Thanks for the Memories
Jeff Reichert on The Skywalk Is Gone
Tsai Ming-liang says that he makes films with narratives that can be explained in no more than two sentences. It's a rather cavalier statement coming from a filmmaker whose relatively small body of work has inspired thousands of sentences in hundreds of publications (including, of course, this one), but I think it betrays the spirit of humility so prominent in those films and the man himself. I'd imagine Tsai bemused and more than a little bit flattered at the time and verbiage critics have spent dissecting these “two sentence films” in the service of elevating him to the forefront of ranks of world cinema's auteurs. His 2002 short The Skywalk Is Gone feels like Tsai giving a little bit back, to his audiences, his admirers, and his characters, reuniting (almost) the temporally split lovers, Hsaio-kang (Lee Kang-sheng) and Shiang-chyi (Chen Shiang-chyi) from What Time Is It There? Our two-sentence story: “Lee Kang-Sheng and Chen Shiang-chyi walk past each other but don't recognize each other. That's it.”
While this captures the basic thrust of the film, to leave matters there would be to pass over 25 minutes bursting with small pleasures. Watch a puzzled Shang-chyi, freshly returned from Paris, pause in the middle of a giant, crowded square, once the site of the skywalk where she shared a brief moment with a shy watch salesman, now dominated by jumbotron screens, flashing advertisements, and wired teenagers. Skywalk gone, she attempts to cross the busy highway illegally, suitcase in tow, following the lead of an older woman. Of course, they're both accosted by a police officer for jaywalking and the episode quickly devolves into Tsai's patented brand of absurdity. Or, witness Lee Kang-sheng take his first tentative steps into the porn stardom that is the focus of Tsai's next film, The Wayward Cloud.
But the crucial event is the aforementioned “almost.” It comes in the kind of moment heavy with possibility that Tsai conjures up so easily, and that Nora Ephron and her cottage industry has been trying unsuccessfully to cop from Lubitsch for years. The two pass each other briefly on an escalator leading to a public bathroom without noticing.
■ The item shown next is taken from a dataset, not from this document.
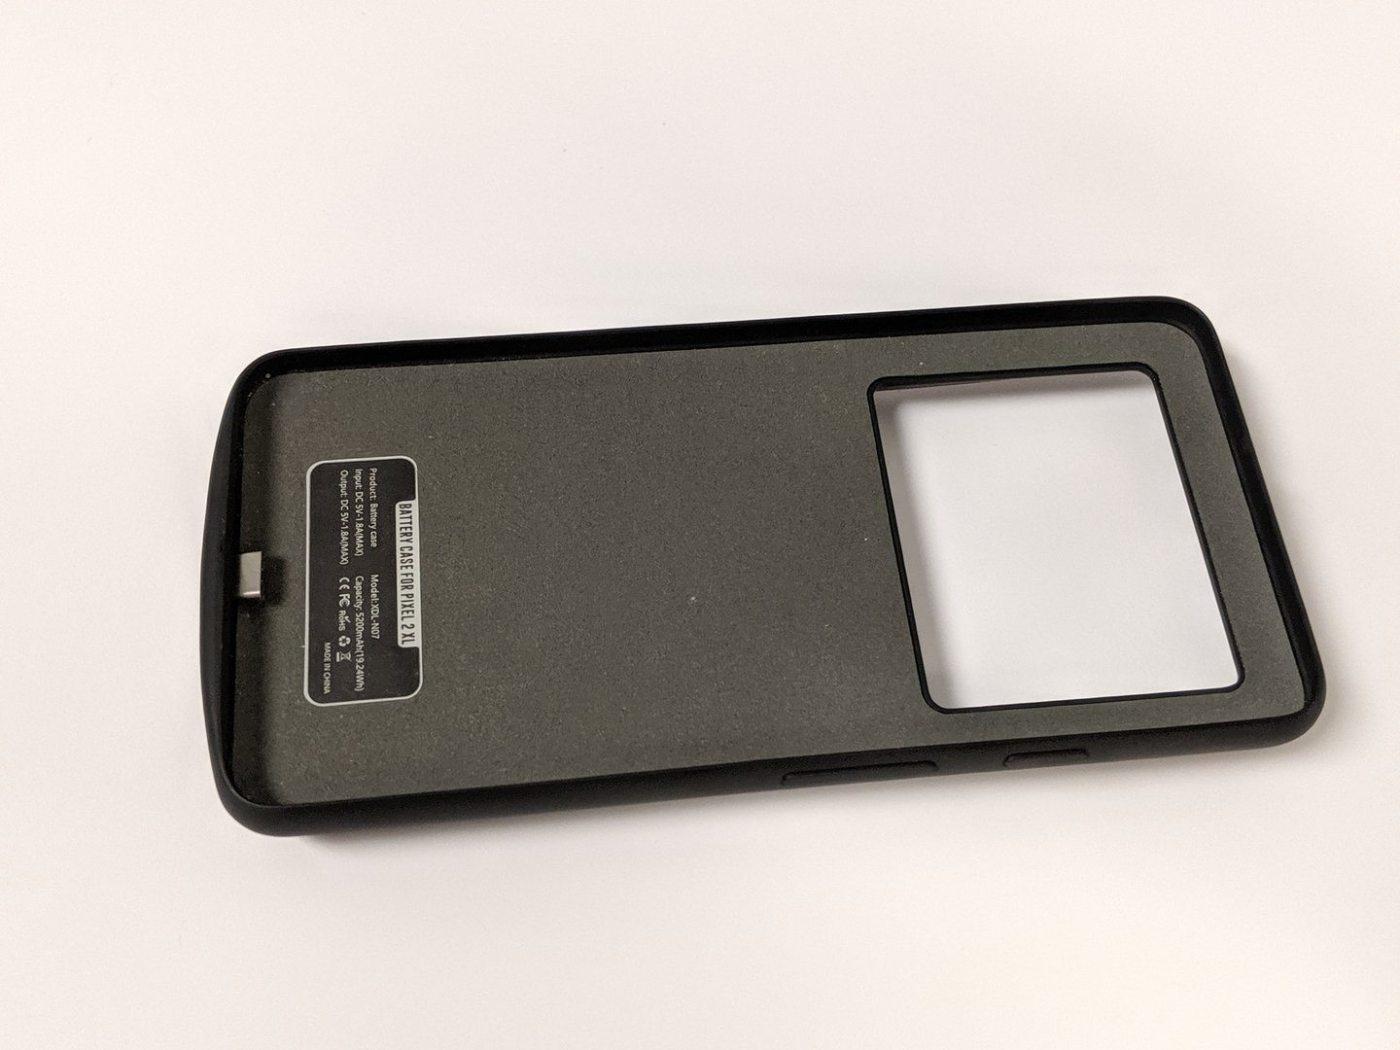 NEWDERY Pixel 2 XL Battery case 5200mAh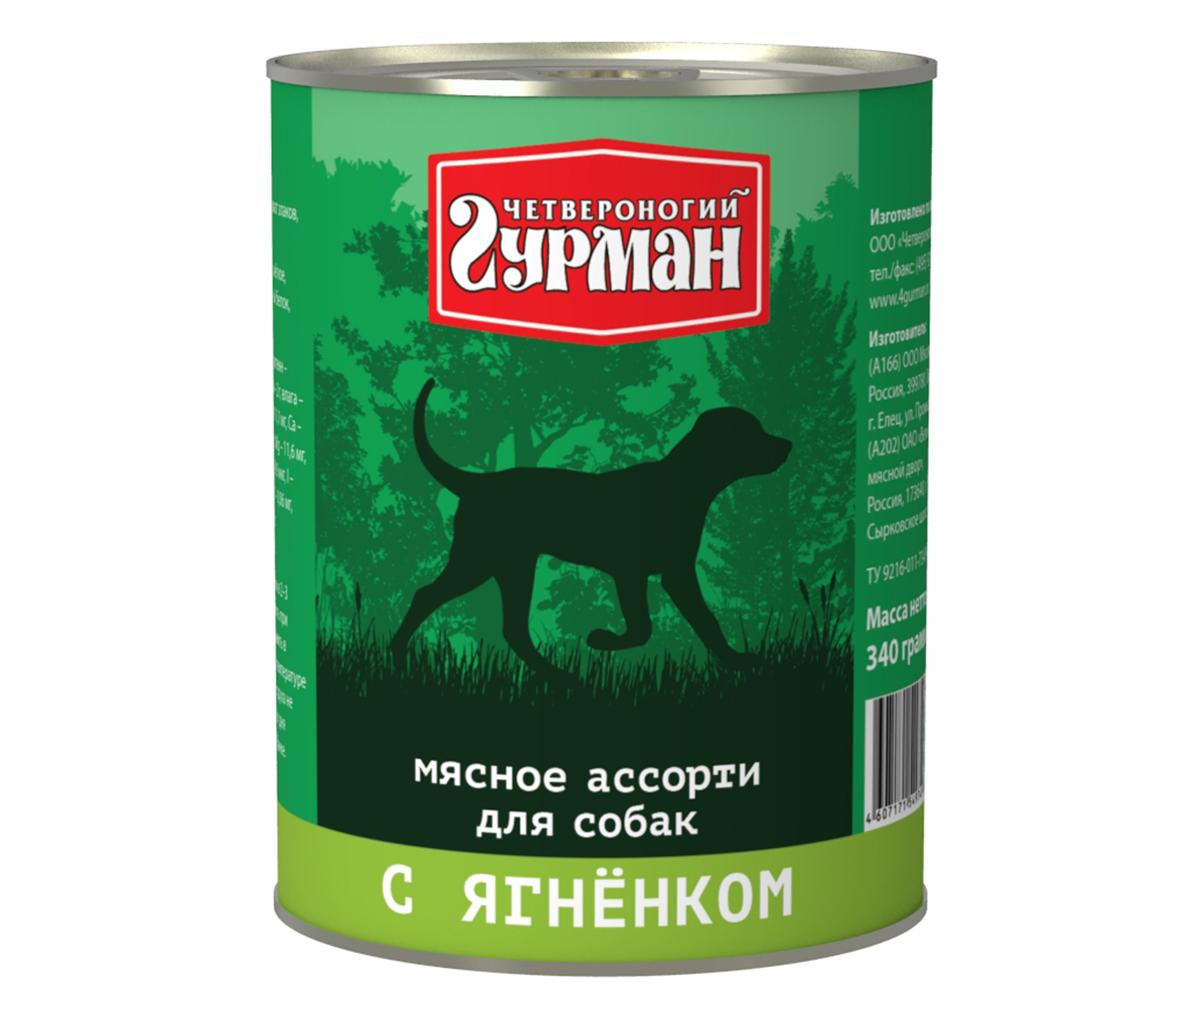 """Консервы для собак Четвероногий гурман """"Мясное ассорти"""", с ягненком, 340 г"""

And yet, as he reaches the top, Hsiao-kang turns…is it a glimmer of recognition? We can't tell-he's at the top of the escalator, silhouetted by the sun, but the potential of the instant is palpable. Tsai may have taken a break from art cinema's new favorite love story to hang out in a haunted theater for a while (which we here at RS certainly won't begrudge him), but given the tease of Skywalk and the tantalizing bits of information circulating about The Wayward Cloud, I think it's safe to say there's a new most-anticipated film from Asia in the pipeline, and it's not directed by Wong Kar-wai.